Кондуктор забил в колокол. Раздался протяжный свисток. Поезд должен был тронуться с минуты на минуту. В этот момент некто успел запрыгнуть в вагон.

– Уф! Слава Богу, успел! – выдохнул чей-то молодцеватый баритон.

– Прошу, располагайтесь! – любезничал кондуктор.

Шестое чувство подсказывало Горскому, что незнакомец сейчас войдет в его купе. Так оно и вышло. Перед Антоном Федоровичем возник невысокий субтильный офицер флота с пышными венгерскими усами и элегантными саквояжами в каждой руке. Брюнет в серой нестроевой шинели-пелерине и черной фуражке приветливо поздоровался:

– Честь имею. Лейтенант Унгебауэр! – кивнул он.

– Коллежский секретарь Горский, – поднялся Антон Федорович и чуть было не упал – поезд тронулся.

Легко закинув саквояжи на сетки для ручной клади, офицер флота с интересом воззрился на Горского.

– А где же ваши вещи?

– Мой чемодан слишком тяжел – пришлось сдать в багаж.

– Вот это правильно! В иной раз непременно возьму большой чемодан. А то, знаете ли, осточертело с двумя саквояжами. Коромысла не хватает для потехи! – попутчик весело хохотнул. С чувством юмора у него было всё в порядке.

– Вы, я гляжу, не впервой катаетесь, – осторожно резюмировал коллежский секретарь.

– Лишь второй раз. Из отпуску возвращаюсь, – охотно пояснил лейтенант, снимая шинель. Под черным двубортным укороченным пальто позвякивал кортик.

– В Порт-Артур?

Унгебауэр на мгновение замер. Едва заметная грусть промелькнула в его глазах.

– Нет, в Дальний.

– В Дальний?.. Как славно! Мне тоже в Дальний! Но, насколько я осведомлен, Дальний – порт коммерческий и…

– Вы правы. Крейсеров и миноносцев там нет. Нет и канонерок. Зато есть Управление Морского пароходства общества К.В.ж.д., где я служу помощником управляющего. Ходим во Владивосток, Нагасаки, Шанхай, Фузан. Я лично курирую сообщение с Порт-Артуром и Чифу. Но когда управляющий уходит в отпуск, вся власть переходит в мои руки. И вся ответственность.

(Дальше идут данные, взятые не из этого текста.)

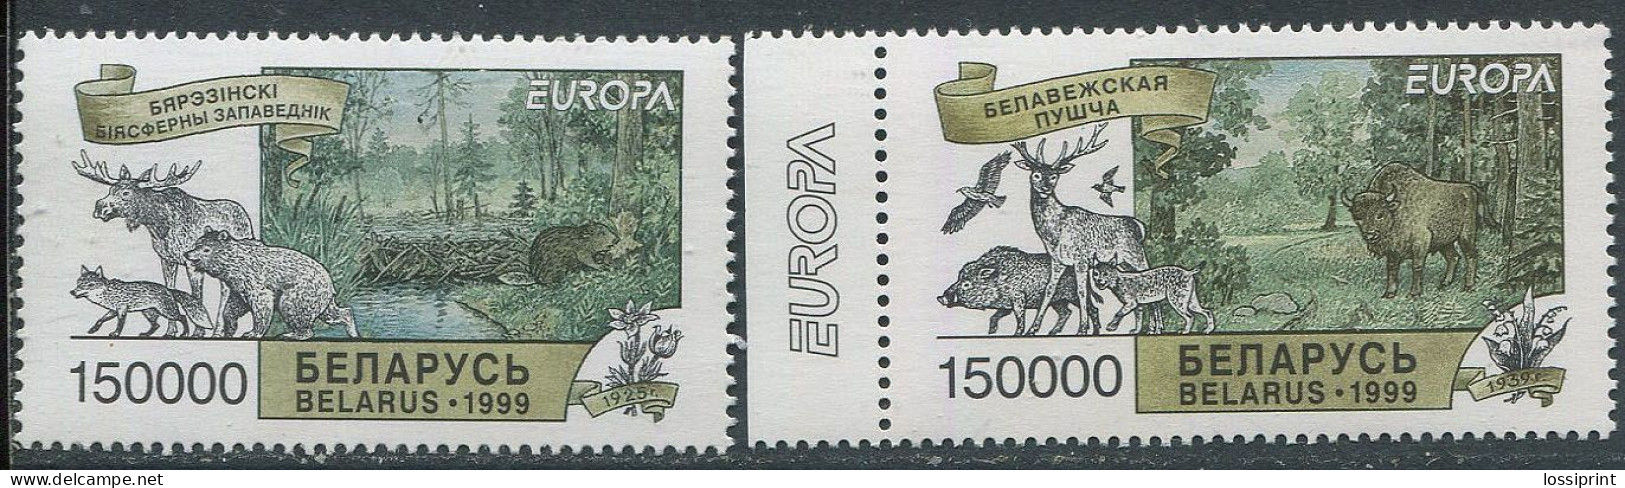 Belarus:Unused Stamps EUROPA Cept 1999, Animals, MNH - Bielorussia

– А на боевой корабль вам не хотелось?

– А вы как думаете?

– Думаю, хотелось.

– Вот вы сами себе и ответили, господин коллежский секретарь.

Горский понял, что затронул больную тему. Лучшим выходом было перевести разговор в нейтральное русло, но Антон Федорович отчего-то медлил. Возможно, ему хотелось получше разглядеть незнакомого человека.

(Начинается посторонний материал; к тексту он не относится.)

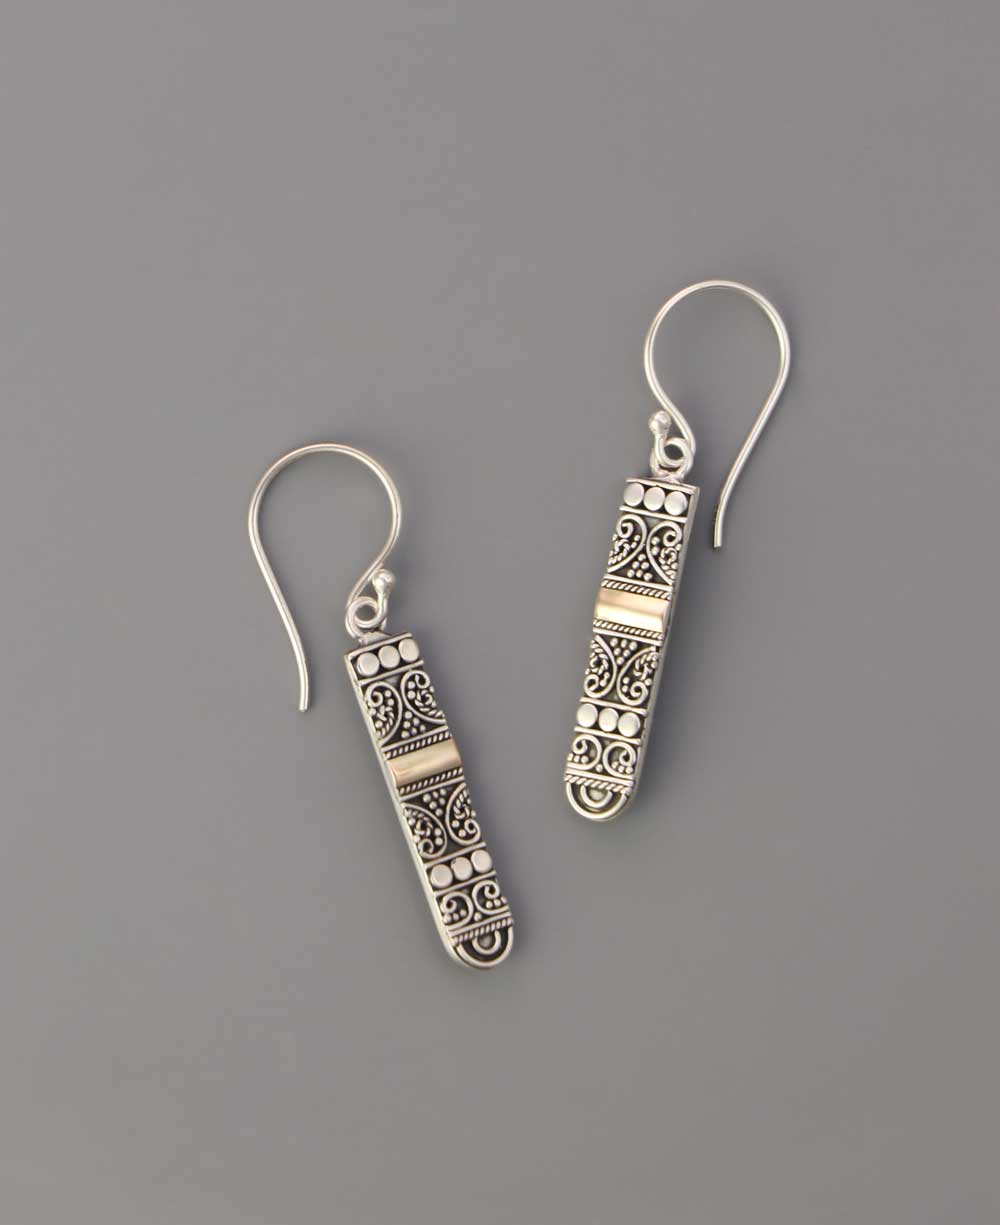 Thin sterling silver filigree earrings

Лейтенант с немецкой фамилией ушел, что называется, «в себя». Закинув ногу на ногу, он достал портсигар, намереваясь закурить.

– Вы курите? – очнулся вдруг Унгебауэр.

– Нет.

– Тогда я лучше выйду в тамбур.

Горскому офицер понравился. Сангвинический склад характера предвещал нескучное путешествие, а тот факт, что лейтенант служит в Дальнем – полезные беседы.



Вернулся Унгебауэр с улыбкой. Сел рядом, поглядел в окно, затем на коллежского секретаря.

– Вы, стало быть, в Квантун впервые едете, господин… простите, запамятовал.

– Горский.

– Да-да. Господин Горский.

– Вы можете звать меня Антон Федорович.

 

– Рад знакомству! Демьян Константинович, – попутчики пожали руки. – Так что же, Антон Федорович, насчет Квантуна?

– Как вы догадались?

– Пальтишко у вас весьма хиленькое для Маньчжурских зим. Сам на те же грабли наступил в первый раз.

– А я слыхал, зимы там много мягче наших…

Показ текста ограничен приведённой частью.